付纯热得厉害,每一处被贺添吻过的肌肤,都白里透粉。
吻细密缠绵,如雨丝如涟漪如春风。
起初,是将他视若珍宝的温柔,任何强硬点的动作似乎都是一种唐突冒犯。贺添就这么用温柔融化了他,占据他的城池。
痛还是很痛,只不过这种痛可以忍受,而且……他也愿意。
但到了后来,情况就一发不可收拾。
贺添有点本性暴露,不顾他的死活,他说慢,贺添就快,他说不行了,贺添说还行。
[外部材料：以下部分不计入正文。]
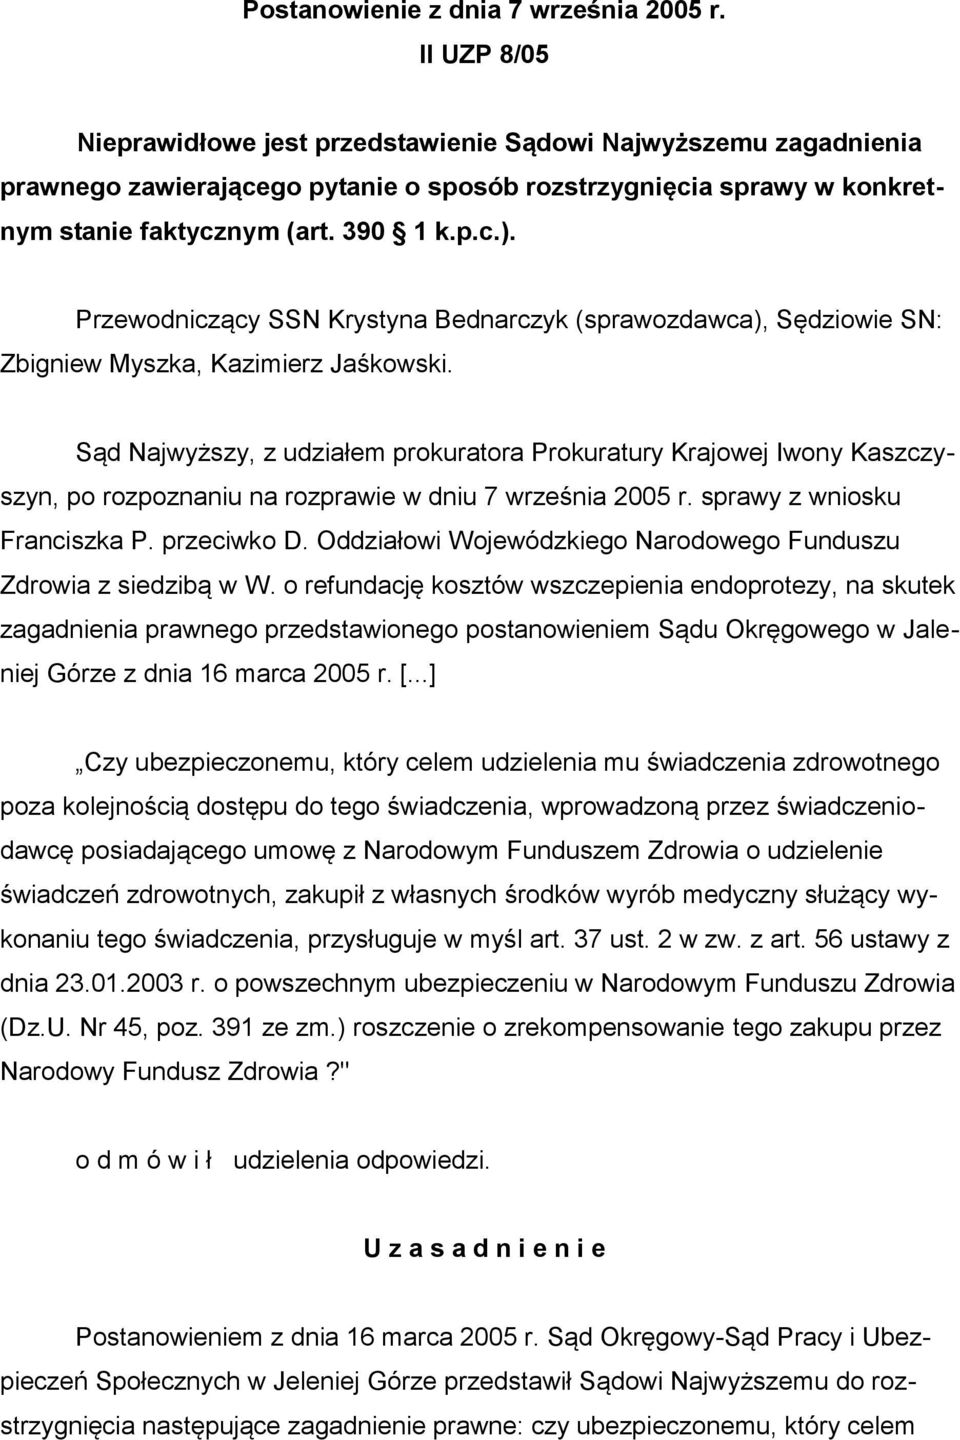 Przewodniczący SSN Krystyna Bednarczyk (sprawozdawca), Sędziowie SN: Zbigniew Myszka, Kazimierz Jaśkowski.

然后付纯用哭腔骂他混蛋,贺添吻他说,混蛋最爱宝宝了。
贺添在他耳边喘气,喊他纯纯,喊他宝宝,让他不要哭,可实际行动却是让他哭得更厉害了。
他被贺添的糖衣炮弹所攻陷,沉在床上汹涌起伏,有点分不清今夕是何年。
只知道痛和快乐是可以并存的。
他被贺添欺负得流泪,骂他的同时,又爱惨了他。
沦陷在一种前所未有的疯狂之中,一种爱的疯狂。
◇官宣
付纯有点后悔自己冒然的行为,对贺添说再试试,与此同时他也明白了为什么贺添会突然问他明天是不是有考试。
因为明天是周六,贺添不用上班,加之他不准备参加考试,更方便贺添为所欲为。
贺添在这方面简直就不是人,仿佛有无尽的体力,一旦开始就很难停下来,又或者短暂的歇几分钟,然后又继续了。
折腾到半夜,付纯实在累得不行,体力不支晕了过去。
第二天,卧室窗帘挡住暖色阳光,只有一点点晨曦微光透过缝隙落在地面上。
付纯被贺添的动静惊扰,迷迷糊糊睁开眼,喉咙率先他的意识发出一声闷哼,他后知后觉,脸上顿时浮现一层粉色,恼问:“你做了一整晚吗?”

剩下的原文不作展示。